▶ [EXERCISE AIM] Leaving out the pictures, retype exactly the lines from the one holding "Charter Bus Company Queens logo" through the end of the material.

THE DATA section start

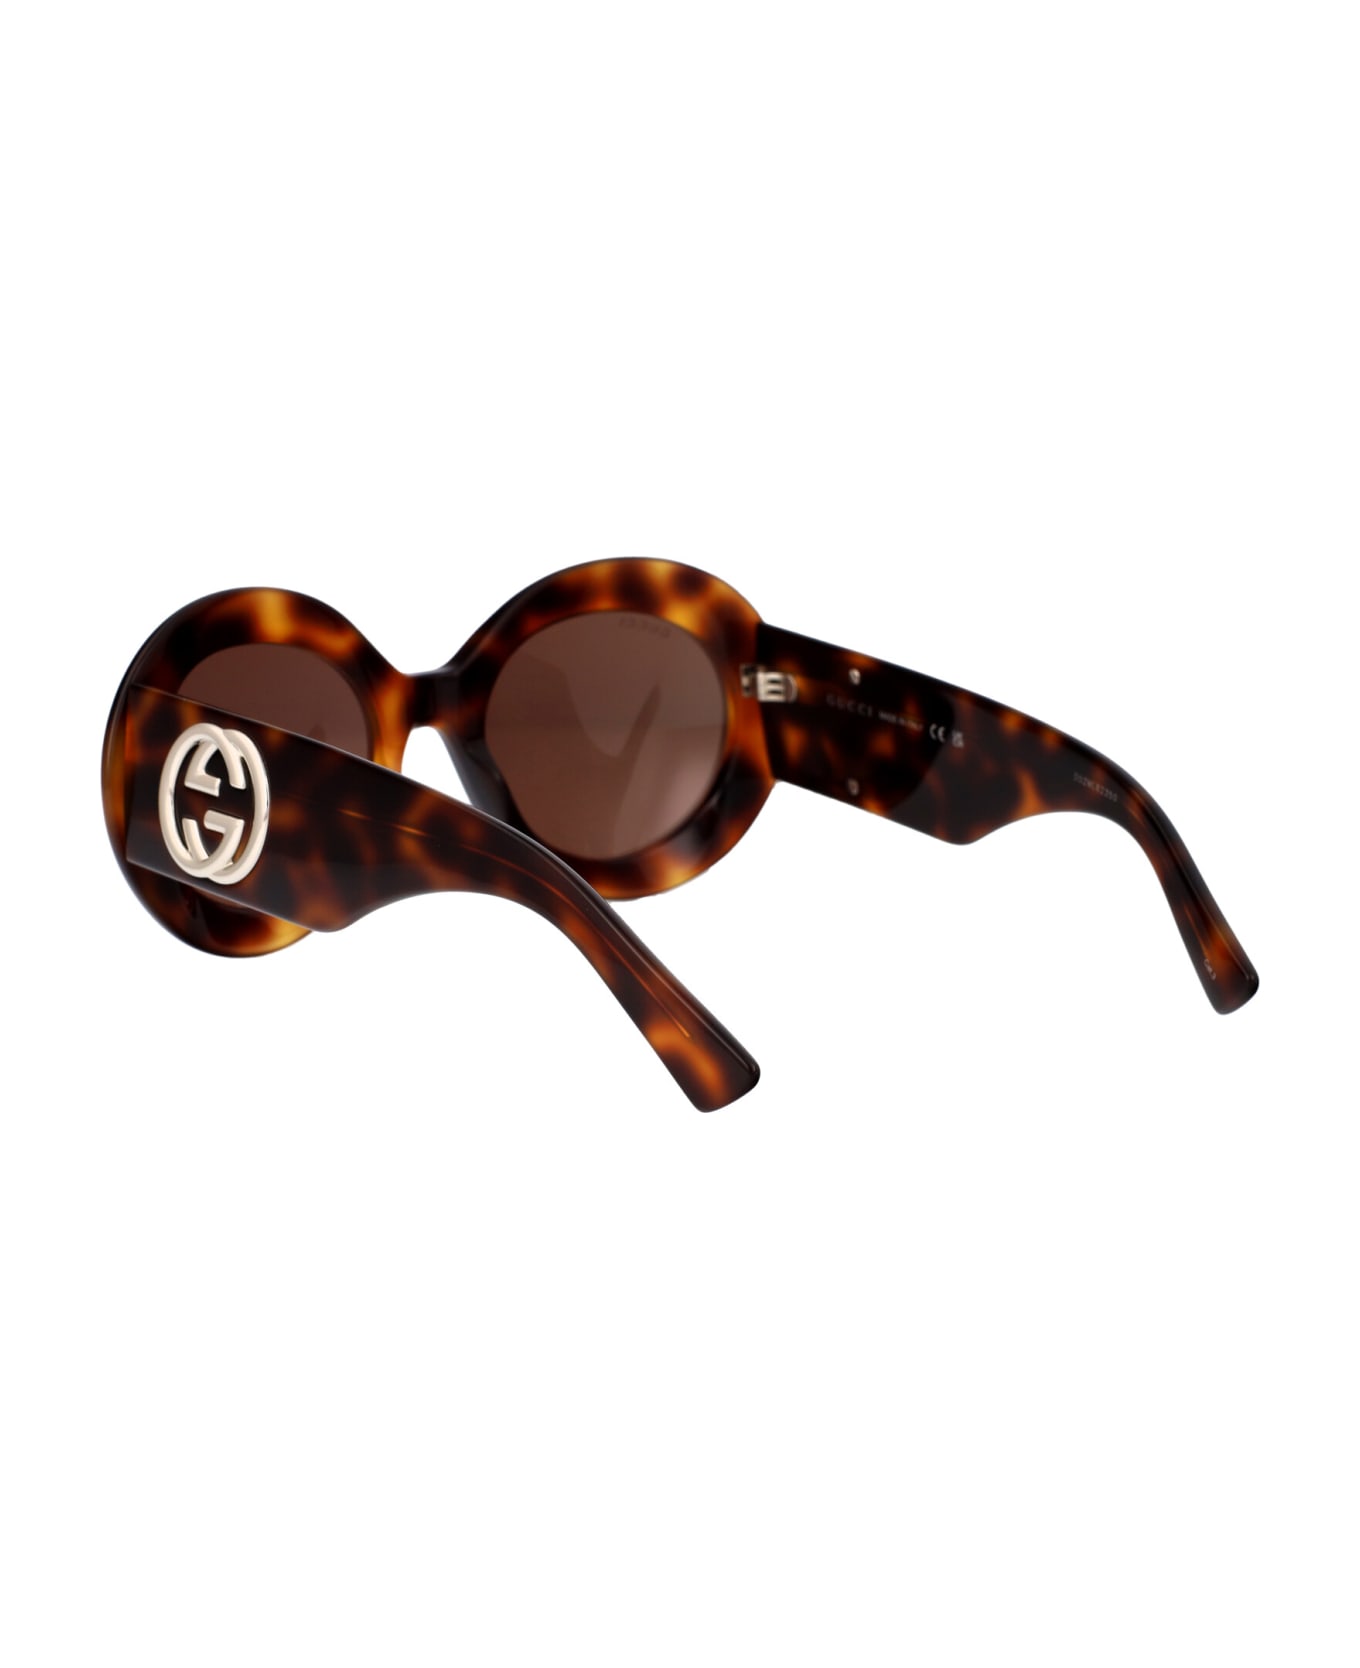 Gucci Eyewear Gg1647s Sunglasses - 009 HAVANA HAVANA BROWN サングラス
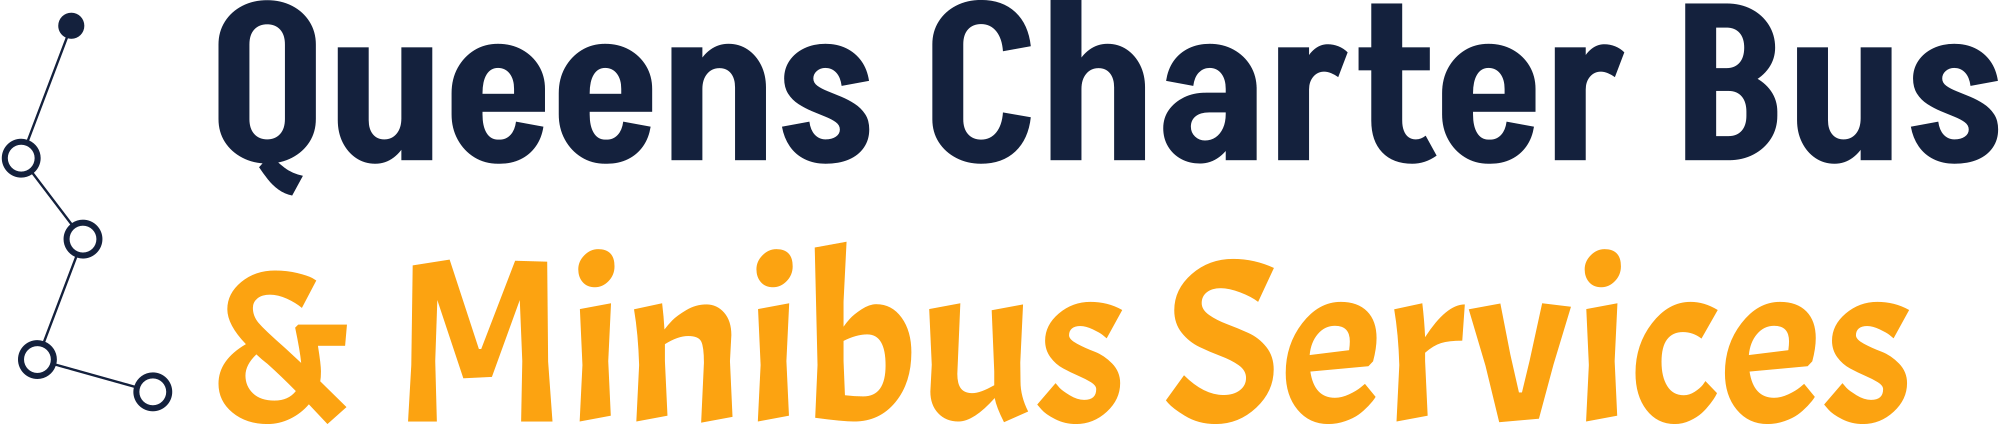 Charter Bus Company Queens logo
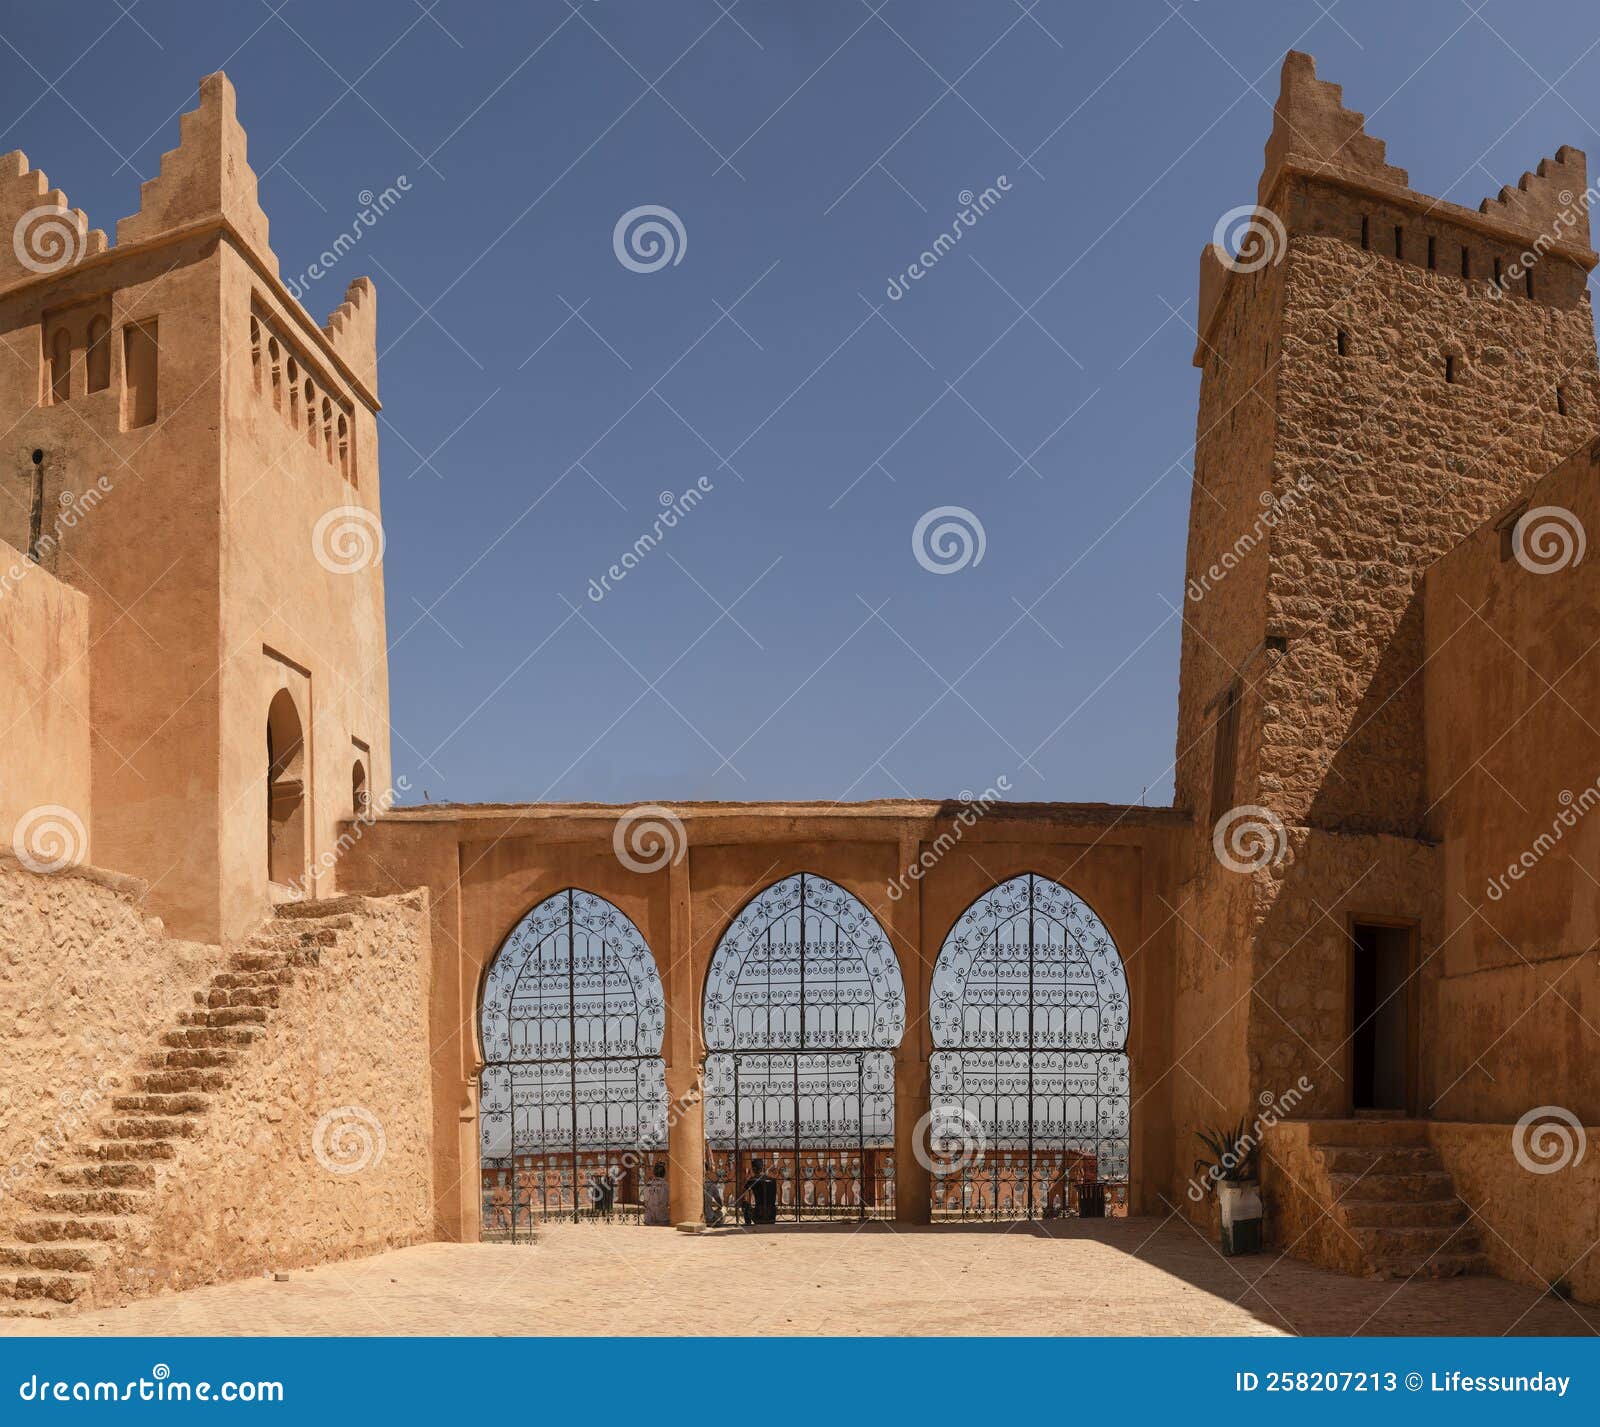 the historic arab kasbah also known as kasbah or borj ras el ain in beni mellal (morocco

THE DATA section end

▶ [RESULT FOR THIS EXERCISE]
 Charter Bus Company Queens logo
 the historic arab kasbah also known as kasbah or borj ras el ain in beni mellal (morocco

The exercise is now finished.